‘Magic nano’ and whistling in the dark

So a ‘frankenfoods’ situation is difficult to manufacture in the same way that it’s difficult to manufacture any fad or craze or panic. A case in point is ‘magic nano’, a situation I first heard about in a December 2007 webcast from the Project on Emerging Nanotechnologies. A reporter who works with NPR, Nell Greenfieldboyce, asked the audience if they’d heard of it. When blank incomprehension met her question she went on to explain that  a cleaning product, marketed and sold in Germany, called ‘magic nano’ had occasioned concern a few years back in the nanotech community. Someone had gotten sick after using the product and, initially, there was a lot of news coverage in Europe along with some interest elsewhere.
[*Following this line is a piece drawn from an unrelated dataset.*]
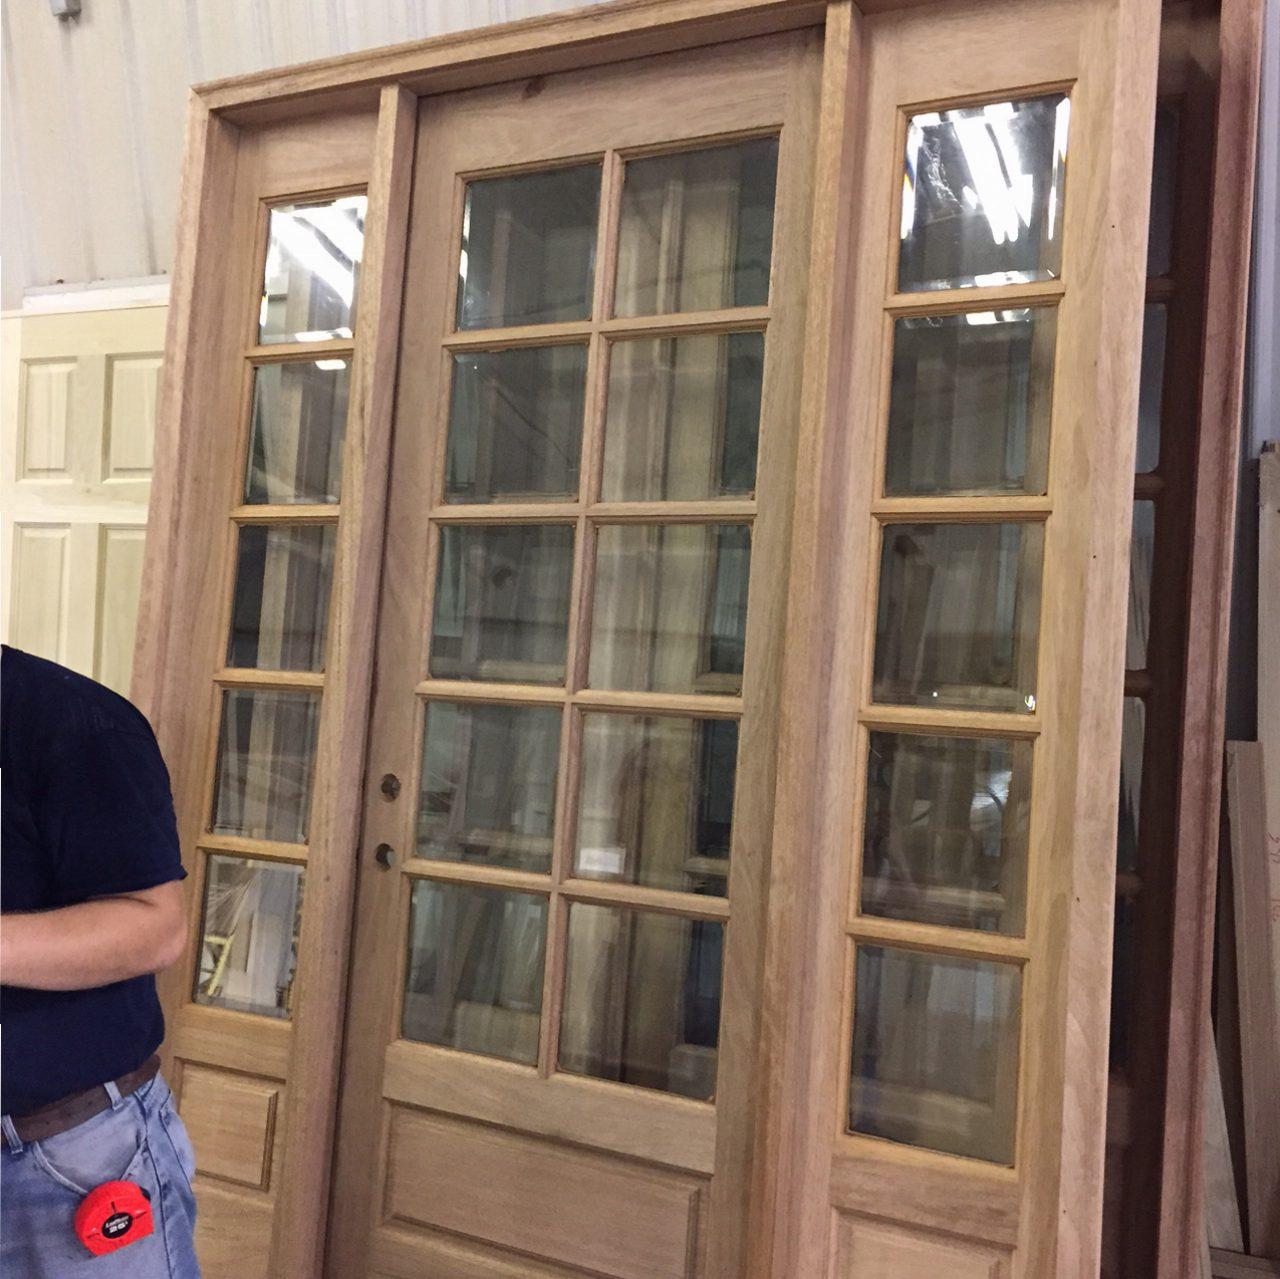 COM ( AMISH CUSTOM DOORS ) PICTURES OF DOOR BEING PREHUNG ! SOLID MAHOGANY 8 FT DOOR / 10 LIGHT TRUE DIVIDED WITH BEVELED INSULATED GLASS DOOR 36 x 96 with ... & Shop Pictures - Amish Custom Doors

In the end, it all came to naught. It seems (Greenfieldboyce had been unable to confirm this definitively) that there was no nanotechnology component to the product and that the ‘nano’ was strictly for marketing purposes. For most people the story is dead; no one has heard of ‘magic nano’. Except for the people who keep mentioning the story in workshops and other events.
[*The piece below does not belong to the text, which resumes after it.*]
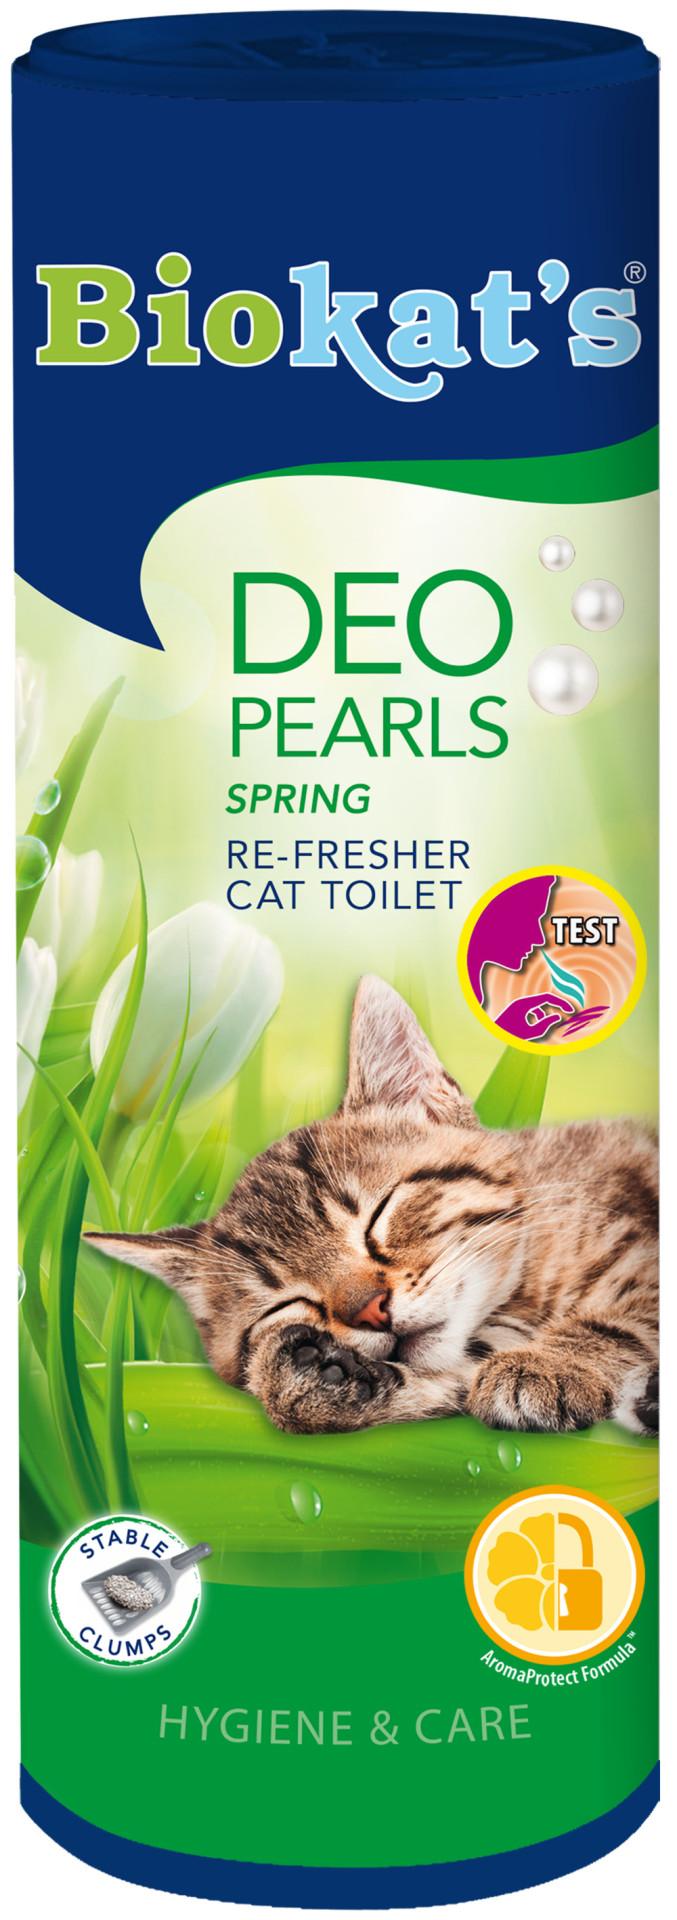 Biokat's Deo Pearls Spring 700 gr

I heard the ‘magic nano’ story again in July 2008 at a local nano breakfast event that featured, Dr. Kristen Kulinowski, from ICON (International Council on Nanotechnology) and Rice University. she was talking about health and safety and asked us if we’d heard of ‘magic nano’. Again, there was the blank incomprehension and so she told the story. She then implied that the ‘magic nano’ story’s lack of impact proves that there won’t be any nanotechnology panics on the order of what happened with biotechnology, i.e. ‘frankenfoods’. That is possible but the failure of the ‘magic nano’ story is not evidence to support the conclusion. In other words, it’s whistling in the dark.

There can be many, many failures before something catches the public’s attention and, if it turns to panic, no amount of thoughtful commentary before or after  will help. And, sometimes the public is right and the brakes do need to be applied.

I do think public engagement/consultation/understanding of science projects and exercises are useful but they aren’t prophylactic treatments.